October 2016

By | 16th November 2016

Pan European real estate equities, as measured by the Trust’s benchmark fell -3.3% in the month with the Trust’s NAV down -3.9% generating 54bps of underperformance. The benchmark is denominated in GBP and therefore the fall in the market was cushioned by the further weakness in GBP versus all European currencies. Europe ex UK in EUR fell a substantial -6.3% in the month but just -2.7% when measured in GBP. Investors continued to rotate away from defensive, income plays towards cyclicals driven by the expectation of higher inflation (following rises in commodity and oil prices) coupled with the central bank rhetoric that further QE and monetary easing was now less likely. Bond yields rose and sub-markets such as German residential stocks which have become highly correlated to the 10 year Bund fell nearly 7% as the yield on the 10 year moved from -0.11% to +0.15%. The fund moved down close to a neutral position in German / Austrian residential in September and given our strong belief in the underlying fundamentals we would expect to move back overweight on further price weakness.

No markets were immune to the selloff but it has followed the traditional pattern of Belgium (-2.8%) and Switzerland (-3.6% in CHF but +0.5% in GBP) falling the least. The Trust remains underweight both markets due to our concerns about the prospects for rental growth in Brussels and Zurich.

Spain was the strongest regional performer, buoyed partially by hopes of political stabilisation and then at the corporate level by the surprise announcement that Colonial had acquired a 15% stake in Axiare, a small listed property company at a premium to the last published asset value.

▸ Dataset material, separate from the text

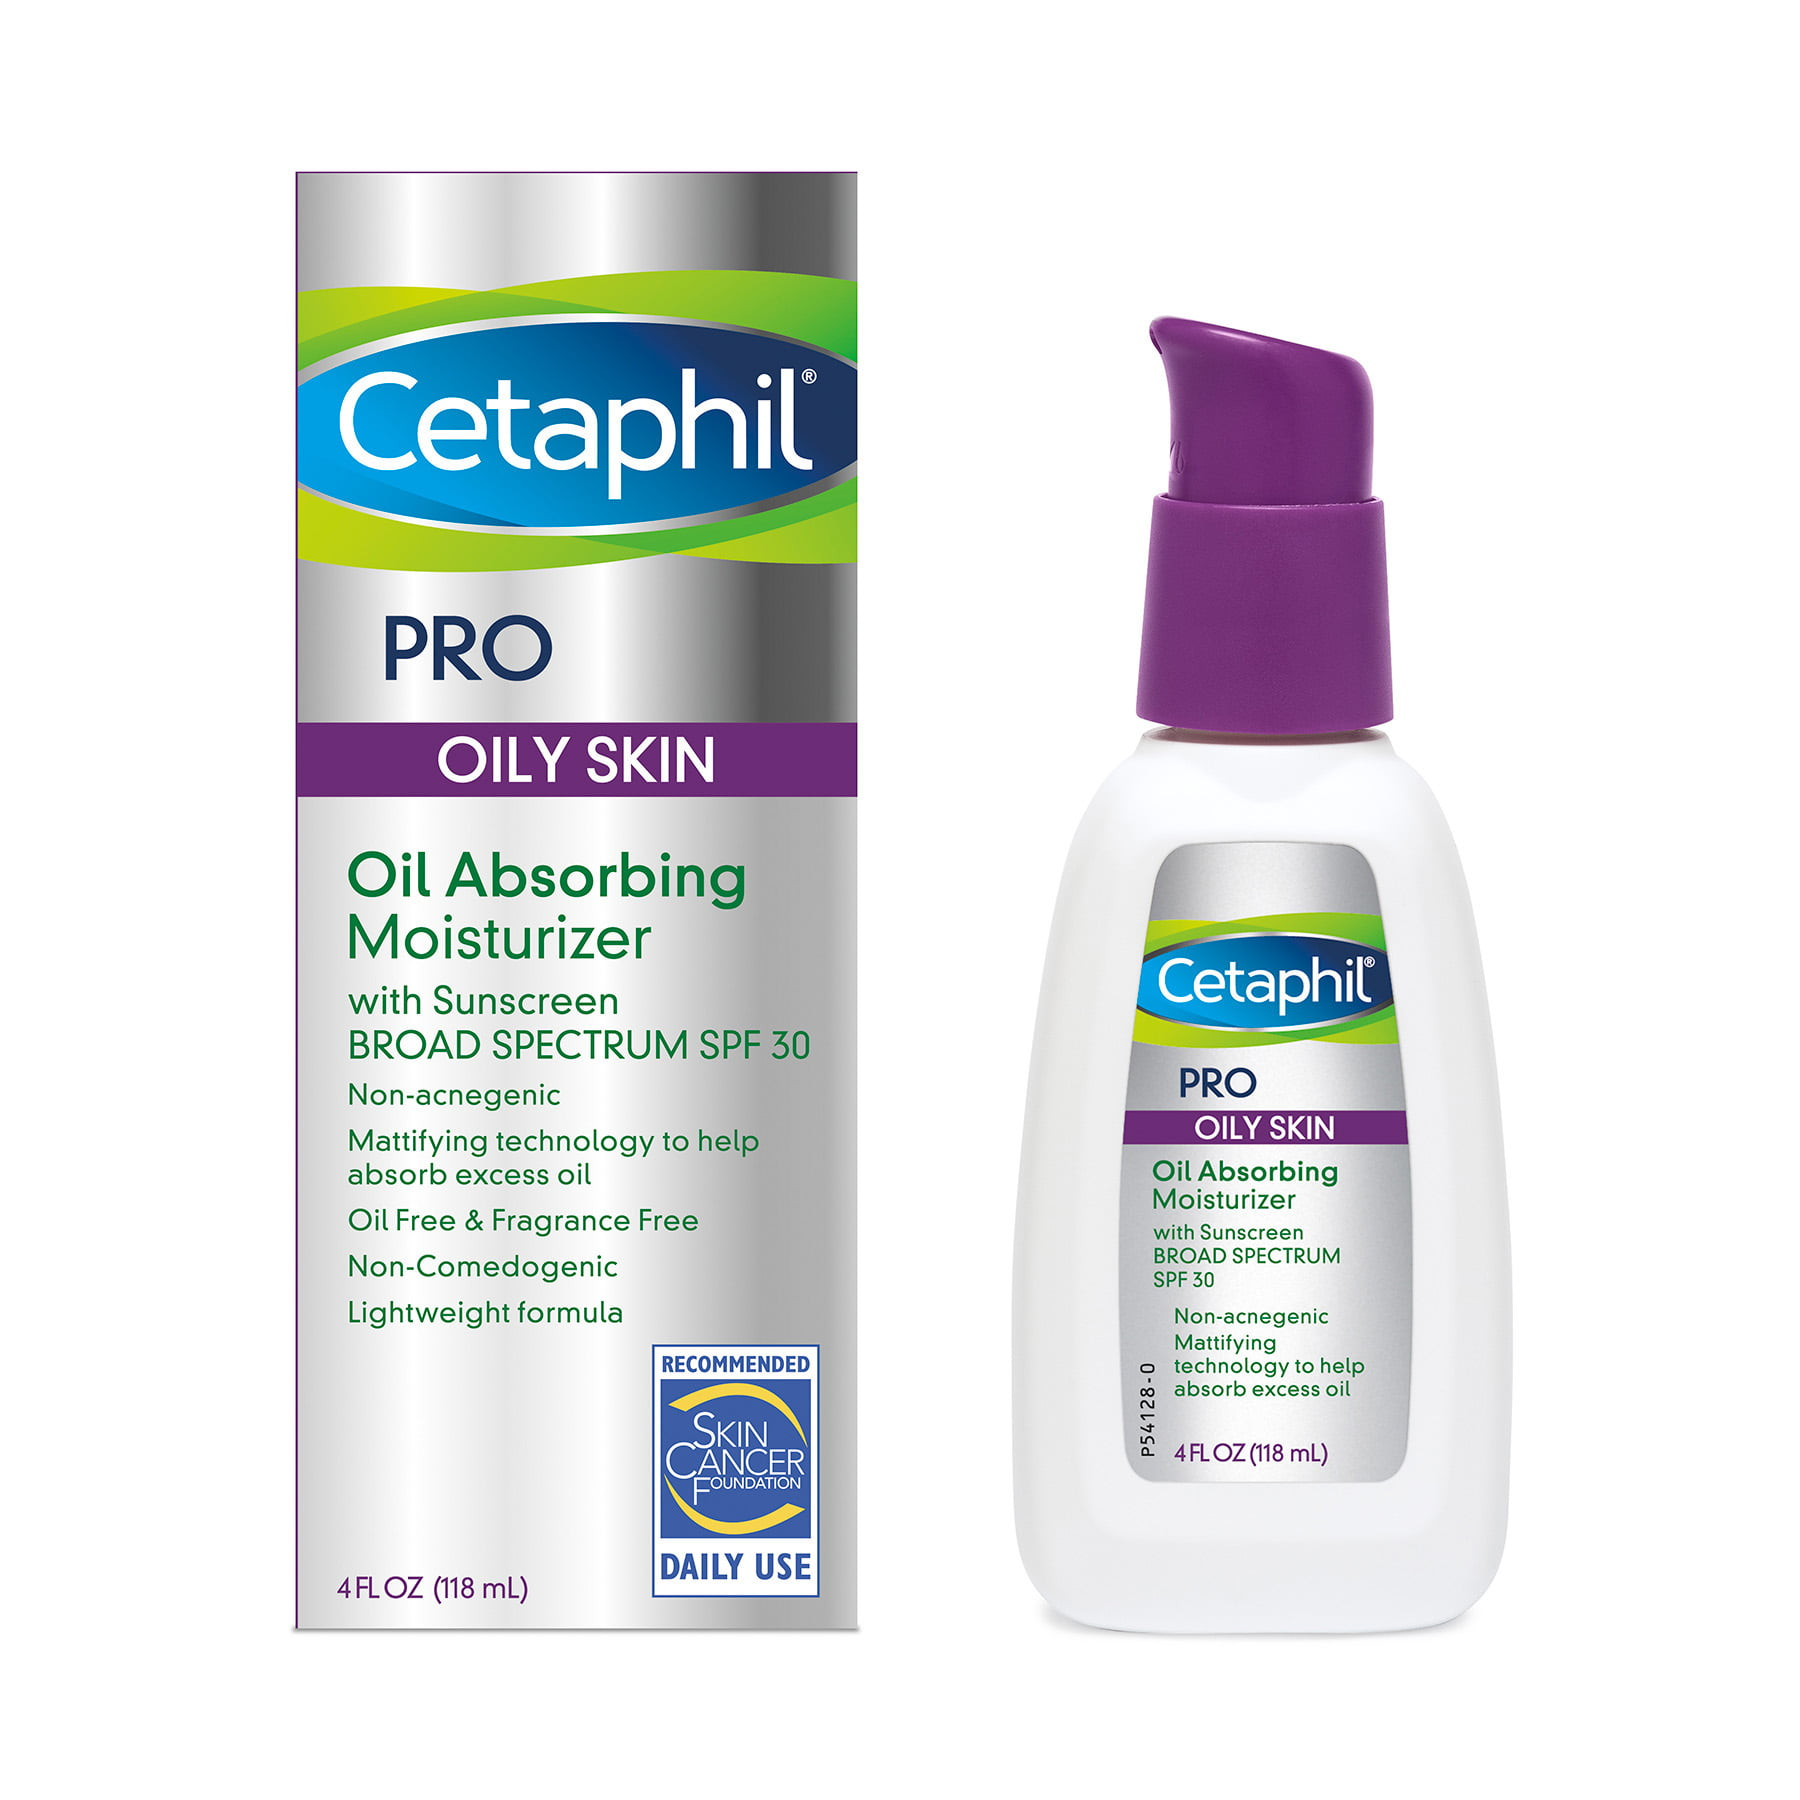 Cetaphil Pro Oil Absorbing Moisturizer Spf 30 4oz

Axiare was the best performer in the month rising 10% whilst Colonial fell 0.6%. These price moves tallied with our views on this transaction.

Unite, the student housing REIT, was the UK’s weakest performer down -11.8% on concerns that ‘hard Brexit’ will reduce the number of overseas (particularly EU students). We remain confident in the market fundamentals and the company’s ability to use its scale to drive up margins and extract gains from its development pipeline.

In our physical portfolio, we completed the letting of two units in Gloucester to Infusion GB Limited who are already tenants on the estate. The two units came vacant at the end of July, we completed the dilapidation works and Infusion have taken new 10 year leases at a 16% premium to the previous passing rent. The rent achieved is in excess of both the valuers’ estimate of rental value and the level assumed at purchase in July 2015.

The share price weakened 5.2% in October, slightly more than the fall in the NAV and this led to a widening in the share price discount to net asset value to over 15%. The Trust bought 150,000 shares at a average discount of 15.8%. These shares were then cancelled.